The demo took place at an airplane hanger at Otis Air National Guard Base, in Cape Cod, Massachusetts. The drone in that video is a supercharged DJIFlamewheel 450. The FLA program, which DARPA launched in December of 2014, isn’t looking for new platforms so much as for new algorithms to help smaller drones fly better, on their own, and without GPS. The recent test confirmed that the platform could hit those speeds. One of the three research teams also used the test as an opportunity to show that their drone could do a bit of navigating and maneuvering around objects on its own, albeit not that fast.
“The fact that some teams also demonstrated basic autonomous flight ahead of schedule was an added bonus," DARPA program manager Mark Micire said in a statement. “The challenge for the teams now is to advance the algorithms and onboard computational efficiency to extend the [unmanned aerial vehicles’] perception range and compensate for the vehicles’ mass to make extremely tight turns and abrupt maneuvers at high speeds.”
But why does the military need fast-flying bird-robots?
“Military teams patrolling dangerous overseas urban environments and rescue teams responding to disasters such as earthquakes or floods currently can use remotely piloted unmanned aerial vehicles (UAVs) to provide a bird’s-eye view of the situation, but to know what’s going on inside an unstable building or a threatening indoor space often requires physical entry, which can put troops or civilian response teams in danger,” DARPA wrote in a press release.
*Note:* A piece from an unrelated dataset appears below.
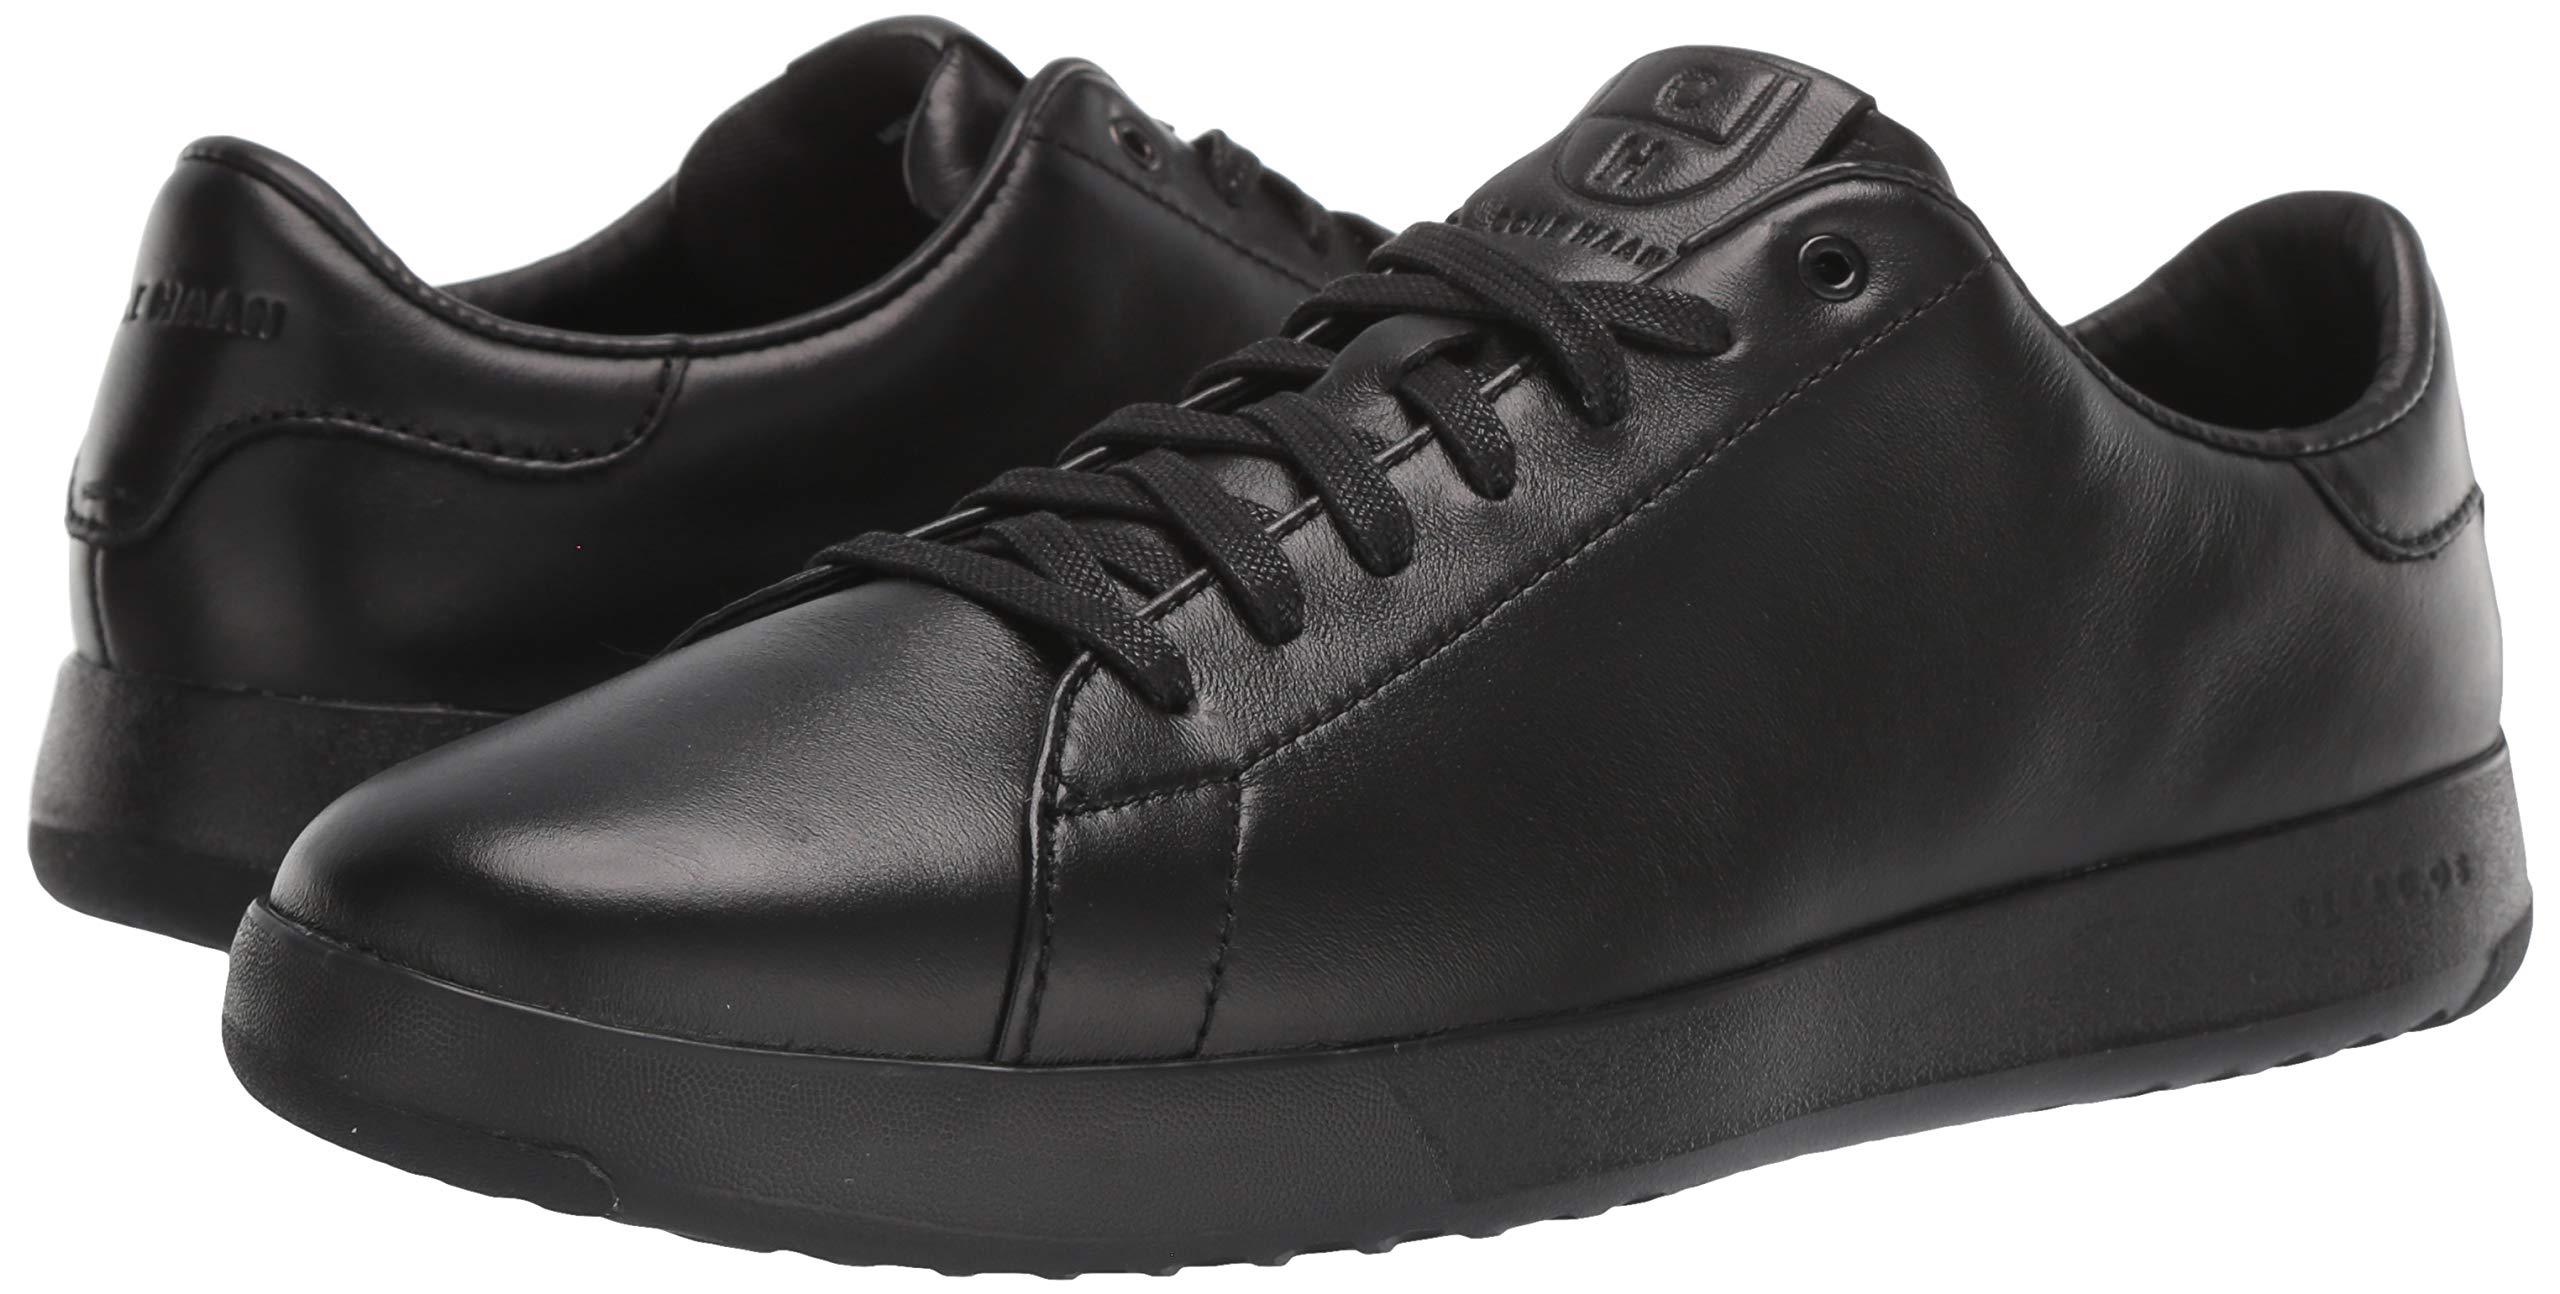 Cole Haan Men's Grandpro Tennis Fashion Sneaker, Black/British Tan, 7 M US by Cole Haan (Image #6)
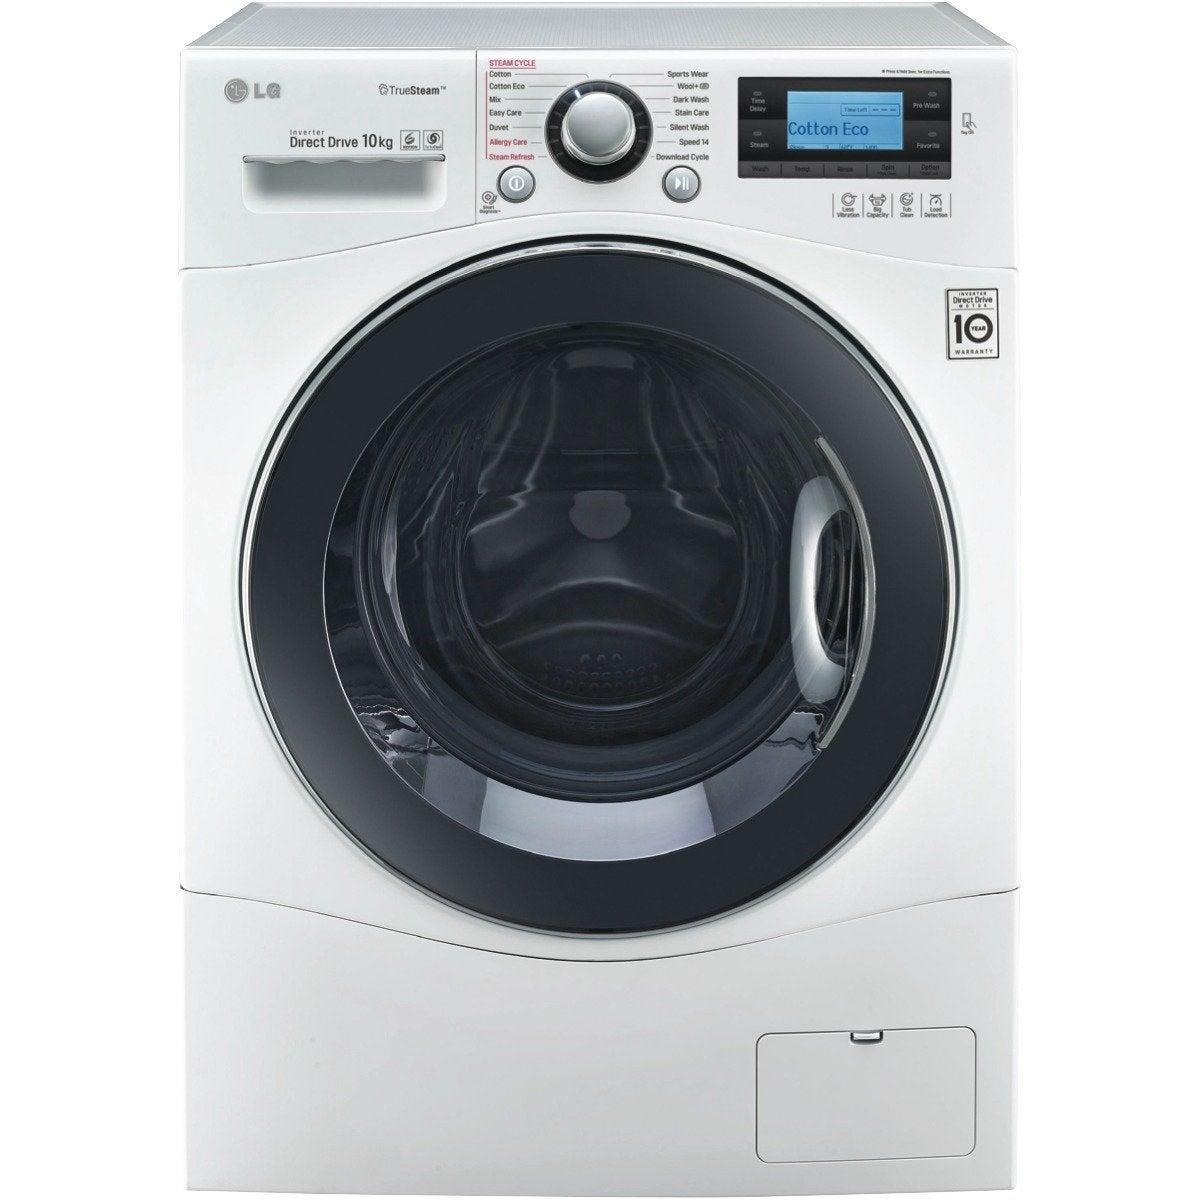 LG WD1410SBW Washing Machine

“The program seeks to develop and demonstrate autonomous UAVs small enough to fit through an open window and able to fly at speeds up to 20 meters per second (45 miles per hour), while avoiding objects within complex indoor spaces independent of communication with outside operators or sensors and without reliance on GPS.”
In other words, the tiny drones have to not only fly fast, but display some very rudimentary understanding of where they are going. That’s no easy technological feat, as a group of NASA and IEEE scientists write in this paper titled “Towards Autonomous Navigation of Miniature UAV.“
“A major algorithmic challenge is to process sensor information at high rate to provide vehicle control and higher-level tasks with real-time position information and vehicle states,” the group wrote. As micro rotorcrafts can only carry a few grams of payload including batteries, this has to be accomplished with a very small weight and power budget.”
The smaller the frame, the harder it is to fit a computer on it that can crunch all of the video data that the machine needs to fly—if it’s not going to fly without GPS or remote guidance.
The recent demonstration shows the feasibility of that goal.